A small note on the first rule of thumb is the demonstration below that organizing by time sequence (grouping by run and time ordering jobs being submitted to the queue) has beneficial effects as noted.
In this test, the ratio / proportion of stream data is represented by the graph below
Follow-up #3
Dmitry presented an overview of the current status of the hyper-caching project (this is part of an SBIR with Tech-X Co. in large extent). A library is ready and could be implemented shortly modulo a few clean-up (redundant dependencies) and extension (retention and purge policies are not in place). Overall, clear that we are on track and there is no problem in understanding the key=value implementation.
One possible problem we re-discovered is that for the Web-service approach, passing SQL queries as the pseudo-protocol would not work because an efficient caching would need ot have information such as the validity range and the eventTime. Also, to be able to re-redirect to a separate service (in case of layered service and/or proxy chains), one needs to be able pass objects with embedded information otherwise, business logic of a a tiered-architecture software will need to spread at multiple places. Another obvious issue is that not using objects may force database-implementation specific logic (parsing, specific behavior logic) as well as experiment specific logic while object passing and a well defined communication protocol pushes all the db-specific logic at the lowest implementation layer (as it should) and experiment specific logic could be treated via a low level adapter (and a high level user front end BL). This is a bit technical and we decide to carry further this discussion in the context of the Tech-X SBIR.

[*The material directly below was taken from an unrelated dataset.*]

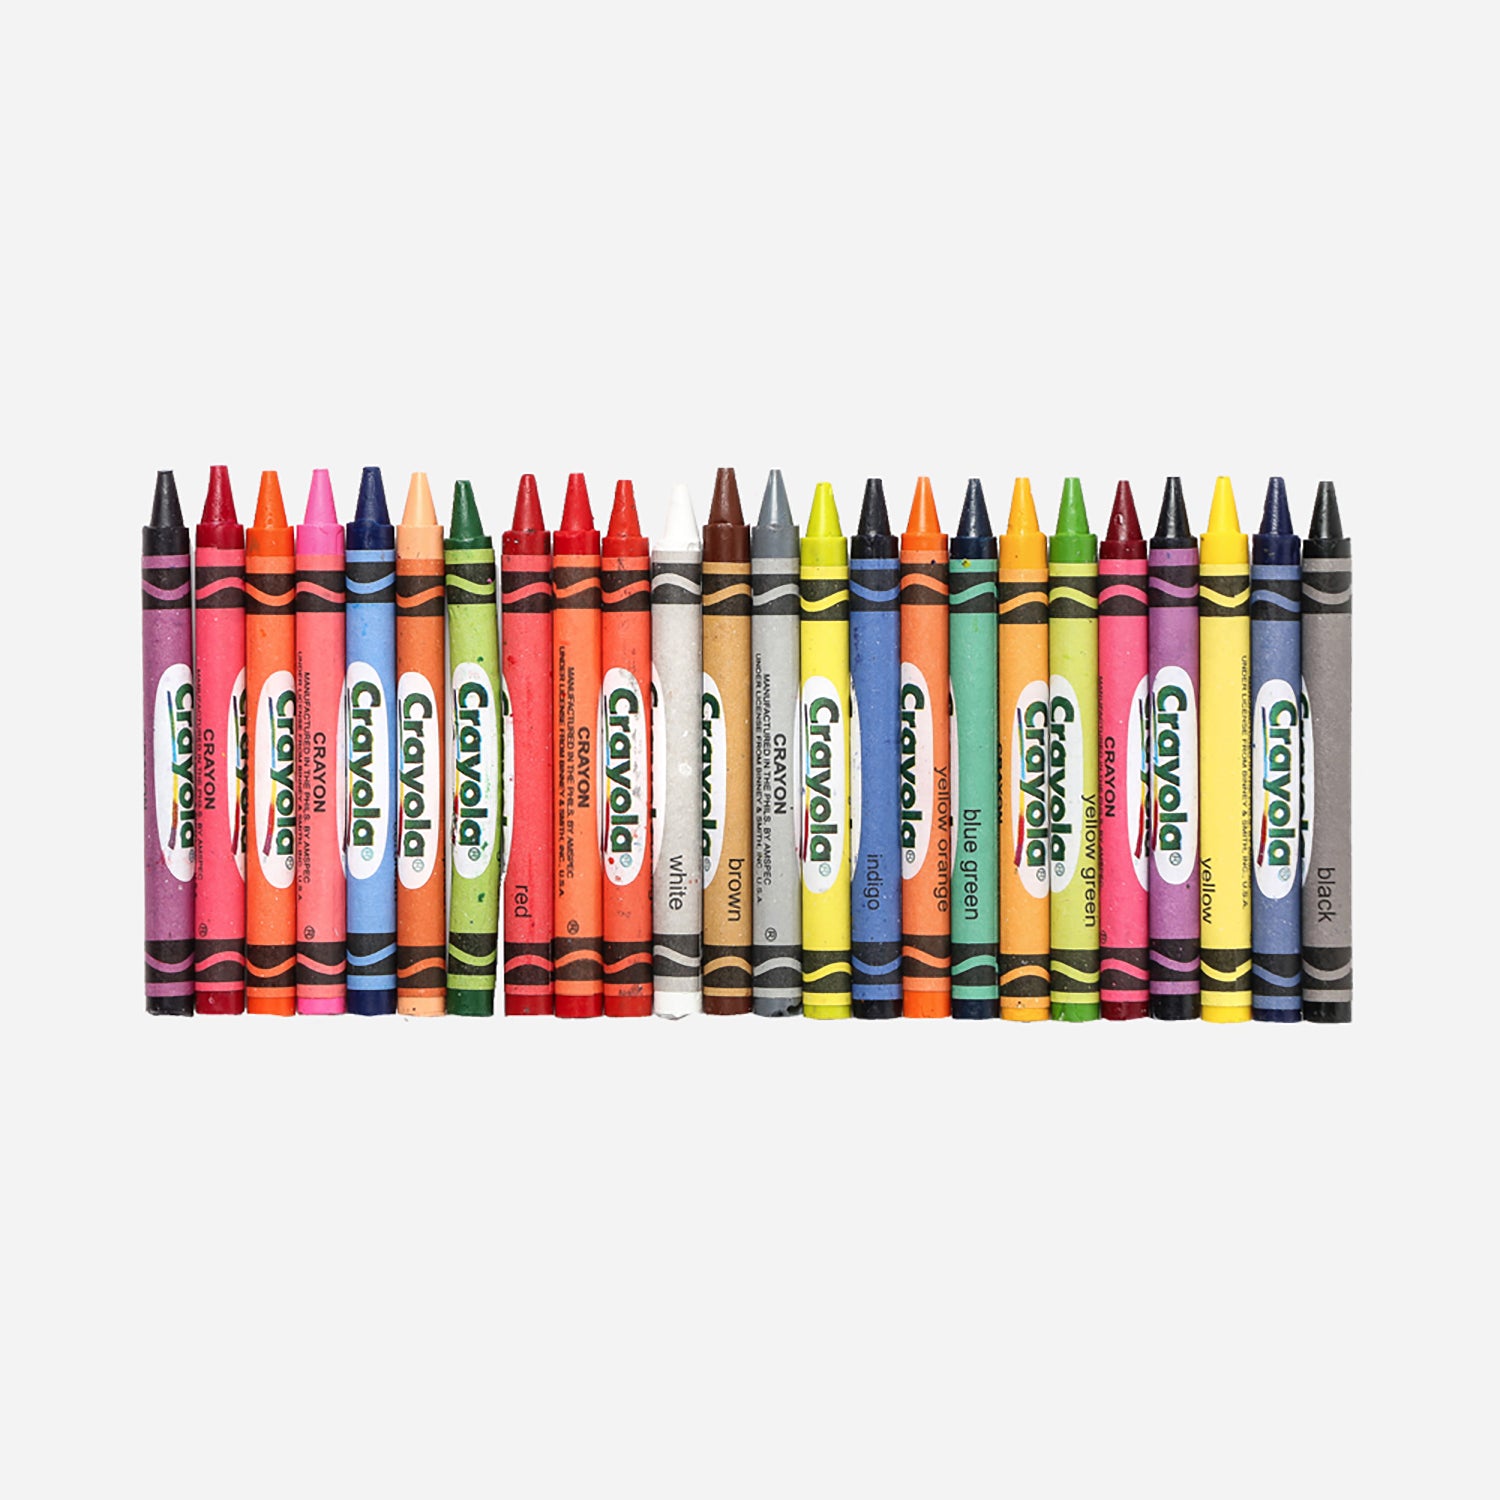 4, 16, and 24 Count Crayola Washable Crayons: What's Inside the

No miss-understanding on the STAR side however - all inline with planning and general R&D idea.
Implementing the "third idea" (loading a portion of the DB for Run 10 a-la-Cloud)
This is similar to the cloud exercise but without the one MySQL server per node portion. The general notion is that a small enough database may be cached whole in memory, hence no delays in querries (random or ordered).
For the second wave of 7.7 GeV, we implemented the snapshot approach for Run 10 data and run from Monday the 16th to Wednesday the 18th of August. The results by stream is seen below.
This test should need to be redone to be sure but overall, the efficiencies are back to 1.20 average i.e. an inverted ratio showing 85% efficiency or so. We can conclude this simple method seem to solve the issue.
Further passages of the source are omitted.